Why don't elves sleep and dream ? 

Because they dream when they are awake, thinking they are great and mighty heroes. (By the way, _rêverie_ is really only a word for daydream).


----------



## Thresher

What do you call a party of elves entombed in the Temple of elemental evil?

A good start

Whats the difference between a cart full of rocks and a cart full of elves?

You cant unload a cart full of rocks with a pitchfork


----------



## Apok

Great stuff so far, guys.  Keep it comin'!  

Oh, and *Bump*


----------



## Gunslinger

Not a joke, but a damn funny quote from 8-Bit Theater:

"Yeah, we're real scared of elves!  I hope they don't prance around with honey dew and frolick amonsgt the gumdrop trees." 

-Black Mage


----------



## thalmin

What do you call an elf that marries an orc?  A social climber.


----------



## Mathew_Freeman

How many elves does it take to light a torch?

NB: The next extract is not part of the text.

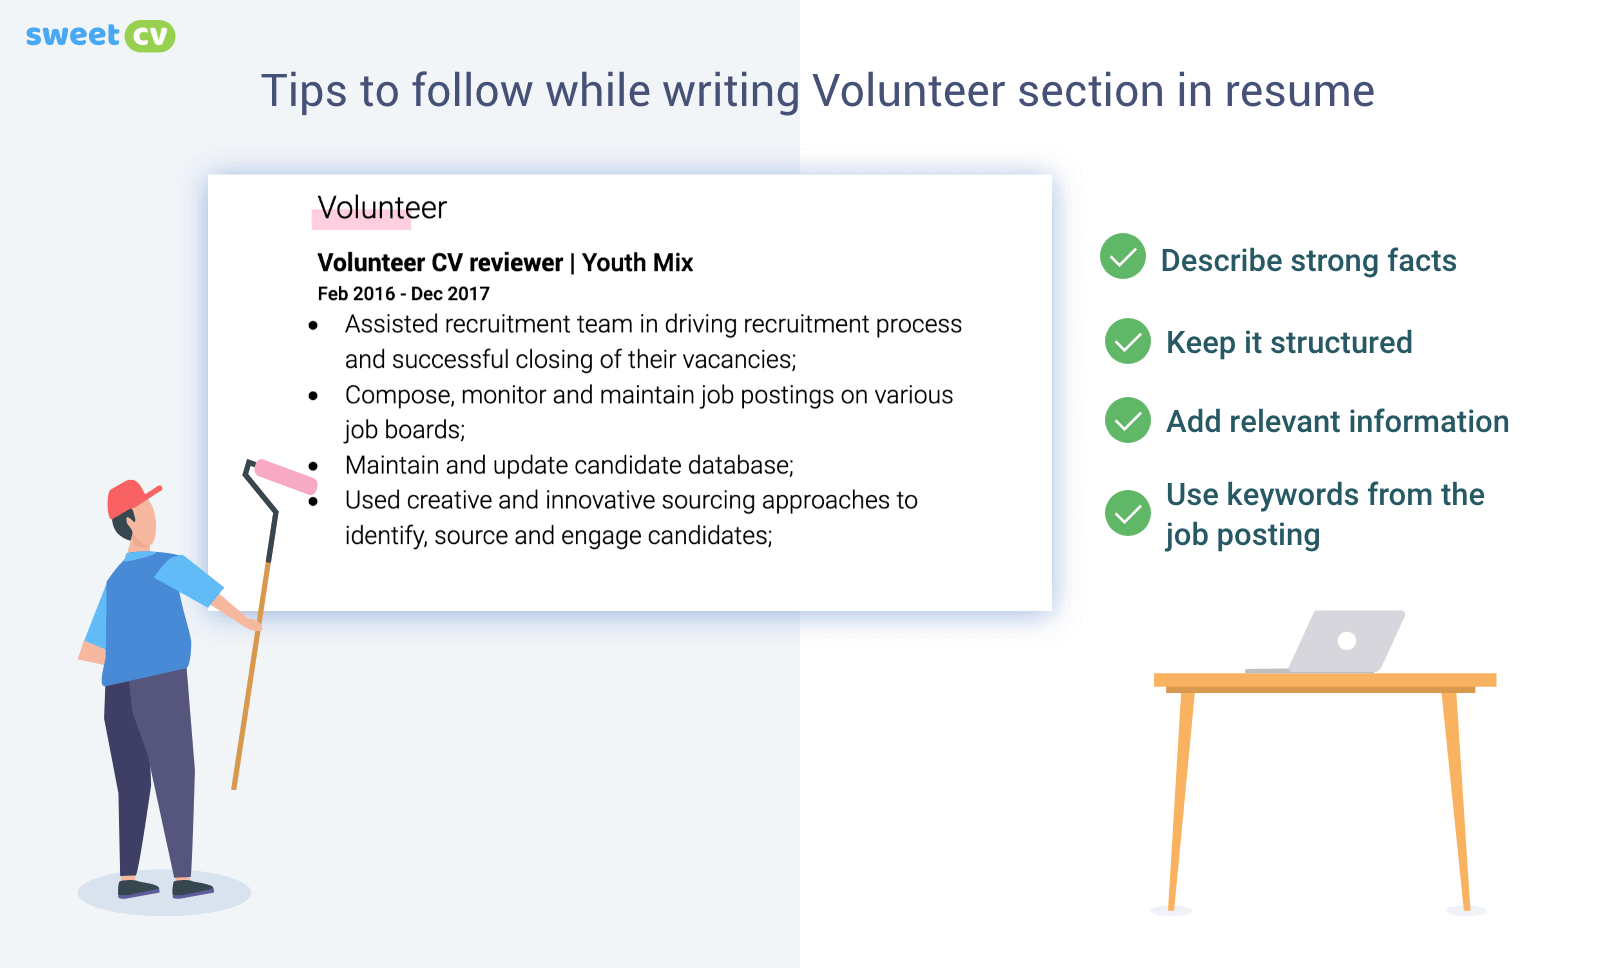 Tips while writing the Volunteer section in your resume
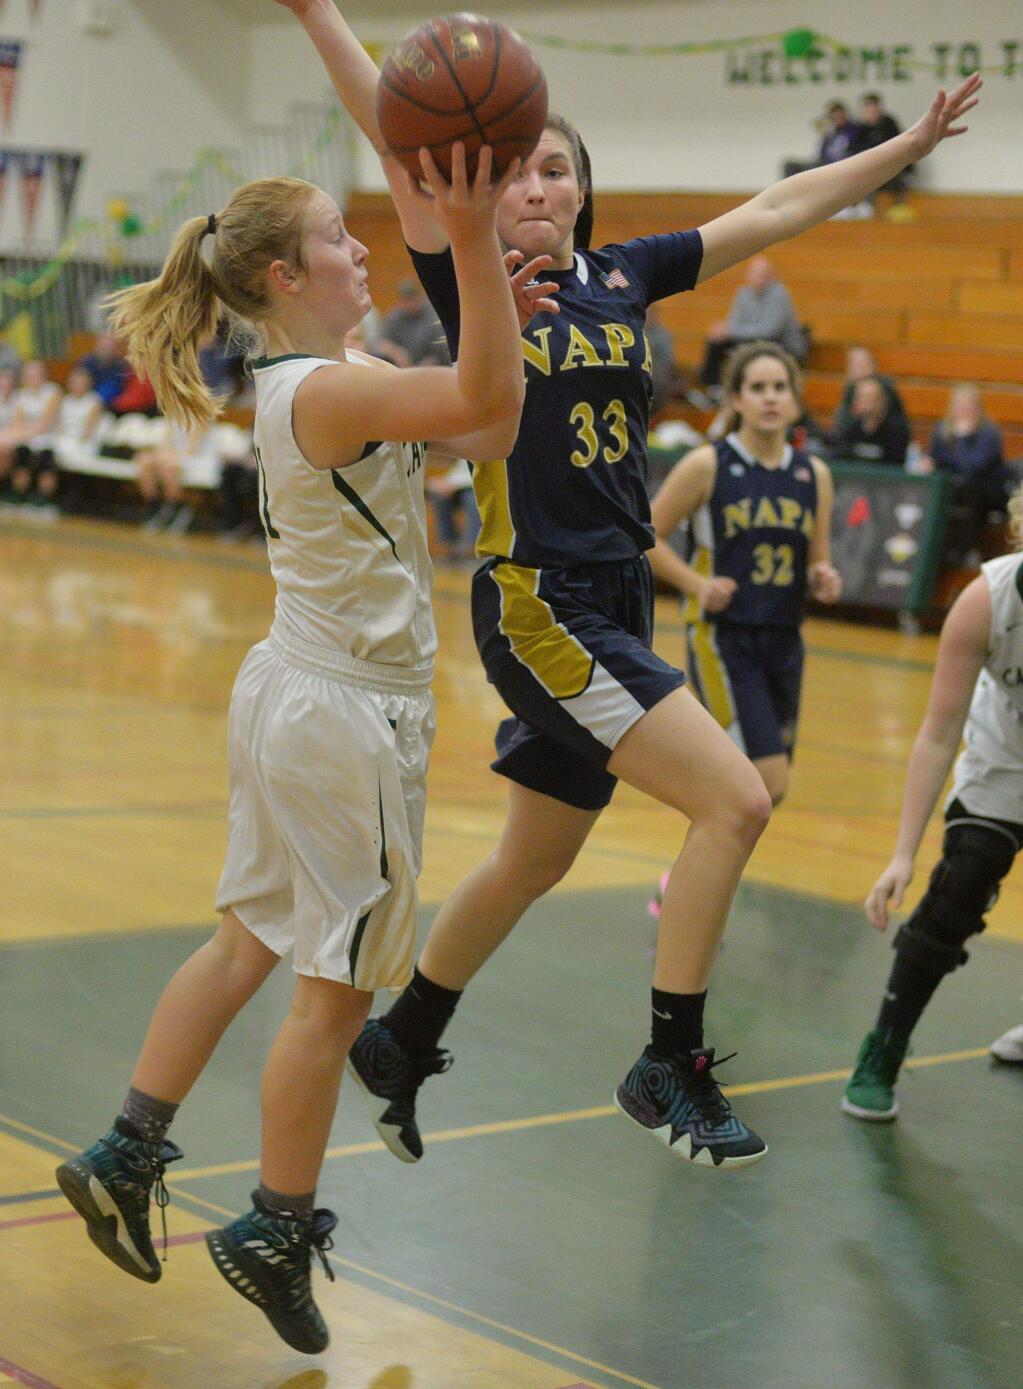 SUMNER FOWLER/FOR THE ARGUS-COURIERCasa Grande's Trinity Merwin shoots over the out-stretched arms of Napa defender Siena Young.

Two, one to light a torch, the other to compose an epic ballad about why the torch had to be lit, so that future generations can remember this proud day in the history of elven kind.


----------



## Sixchan

Gez said:
			
		

> *Not a joke per se, but still an argument that may be appropriate for one of these "I'm a superior race" elves:
> 
> *




You know, I've never thought of having Nazi elves in a campaign.  If I ever do a modern version of a fantasy setting, this could offset all the tree-huggin' hippie elves!  Ooo...


----------



## Angcuru

Even though I'm Pro-Elf...I'll help ya out..............by not insulting dwarves.


----------



## Andion Isurand

I'm not an uptight, elitist, pansy spellcasting elf.

I'm actually a bit of an outsider in my relationship with many elven arcane acedemic communities, mainly because I find many of their members to be rather borish.


----------